In recent years regular seeds have been almost forgotten as growers have shifted to feminized strains. However, for those who are passionate about breeding their own variations on marijuana, it’s still vital to keep some regular seeds around.
For one thing, male plants produced by regular seeds are less prone to becoming hermaphrodites when stressed through techniques like topping, fimming or defoliation.
Unaltered Genetics
For cannabis growers, genetics are everything. The genes in the plants dictate the plant’s stability, yield, harvest quality, and psychoactive effects.
Growing regular seeds means you could end up with either male or female plants, as they can be pollinated by another male or a hermaphrodite (plants that produce both male and female flowers). It was the standard way of growing marijuana before feminized seeds were invented. Luckily for you, we carry a wide variety of both feminized and regular seeds from the finest 1980’s genetics!
Having both male and female plants also allows for breeding. Breeders can stress a plant with the hope of forcing it to develop male sex features, then cross it with another strain in order to create new hybrids. This is a common practice in all agricultural crops, and one that is still used by marijuana breeders today.
Affordability
Generally speaking, regular seeds are much cheaper to produce than feminized or autoflowering varieties. This makes them more affordable to buy. While growers must still cull a number of male plants (which they then throw away), this is a minor expense for many who enjoy cultivating their own strains.
Regular seeds also provide a more stable genetic structure than feminized strains. This is because feminized seeds require that the phenotype of a particular female plant be reverse pollinated with its male counterpart in order to create 100% female specimens. This process can cause the phenotype to become slightly altered over time.
As a result, many breeders prefer to use regular seeds when creating new cultivars. This allows them to maintain the original genetics of their strains over several generations. Ultimately, this can lead to unique and potent strains that haven’t been seen before. Often, these unique strains can be made into clones by growers for future grows.
Pollination Issues
As with any plant, regular seeds can be either male or female. When growing them, growers must be vigilant to ensure that any male plants are eliminated before they pollinate the female cultivars. Keeping male plants out of the mix allows the females to spend all of their energy and resources on developing robust buds, leading to higher yields.
On average, about half of a pack of 10 regular seeds will produce male plants, and that can be frustrating for growers who want to do breeding projects or create their own strains from scratch. As a result, feminized seeds have become increasingly popular and are more widely available than regular seeds.
Outcross-pollination is also beneficial for producers of cotton and sesame because it increases the amount of seed produced by the female plants, boosting overall yields. This is why some growers choose to grow regular seeds alongside feminized varieties. This way, they can harvest their crops when they want without the worry of having to wait until all the male plants have gone to seed.
Genetic Diversity
In a broad context, plant conservationists seek to maximise genetic diversity in seed collections to support adaptive evolution in the long term. This also contributes to overcoming inbreeding depression and ensuring reproductive success in self-incompatible species [1, 2, 3].

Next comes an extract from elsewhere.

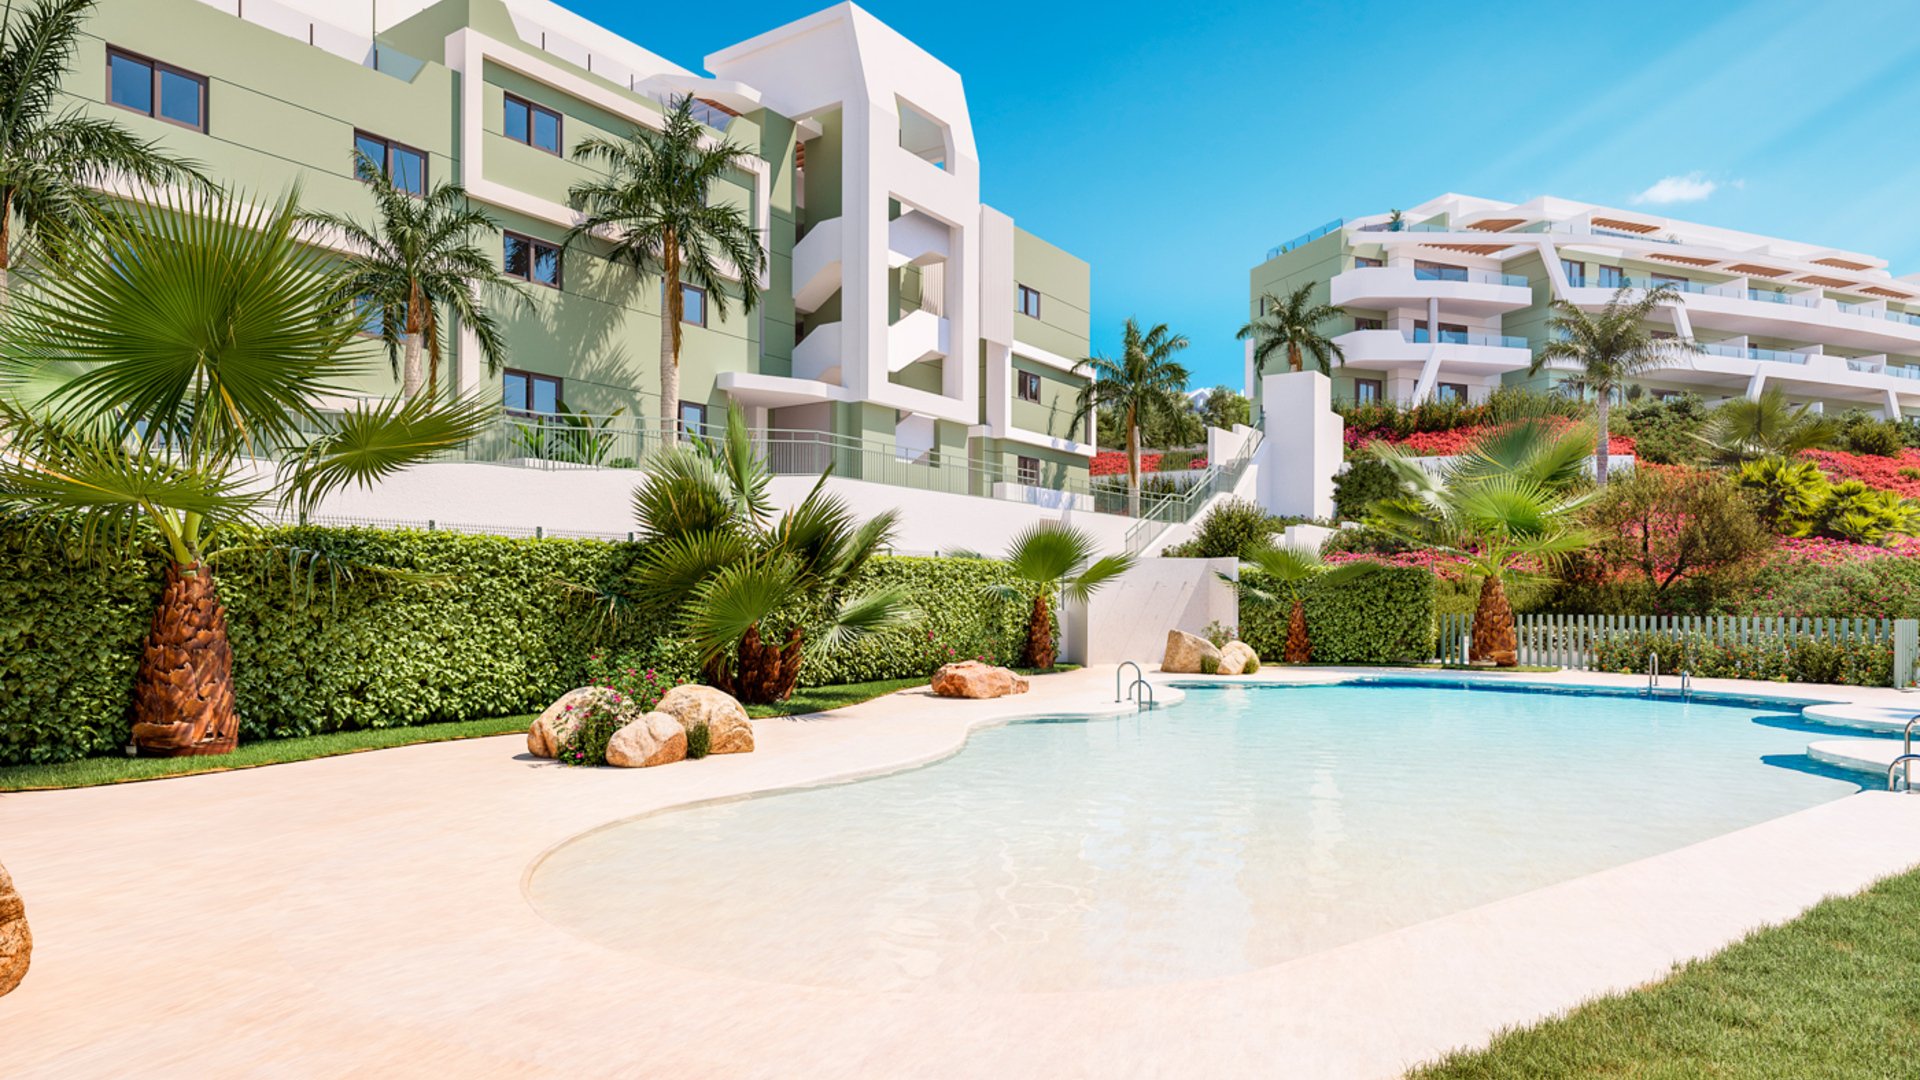 Apartments with a touch of exoticism in La Cala de Mijas

The value of genetic diversity is often associated with its ability to mitigate the impact of life-history trade-offs between different traits. However, this depends on the life-history strategy that underpins the trait in question and is not always evident.
The extent to which a particular sampling strategy captures genetic variation is strongly influenced by mating system structure (e.g., a predominantly selfing or biparentally inbreeding mating system increases within-site genetic distances and FIS compared to an outcrossing or mixed mating system). Our results showed that capturing genetic diversity was generally improved by sampling more than one maternal line (within-site average pairwise genetic distance) with the exception of H. sericea sites PT and SP (Table S1). This suggests that the extent to which genetic diversity is captured in seedling subsamples is strongly dependent on the mating system employed.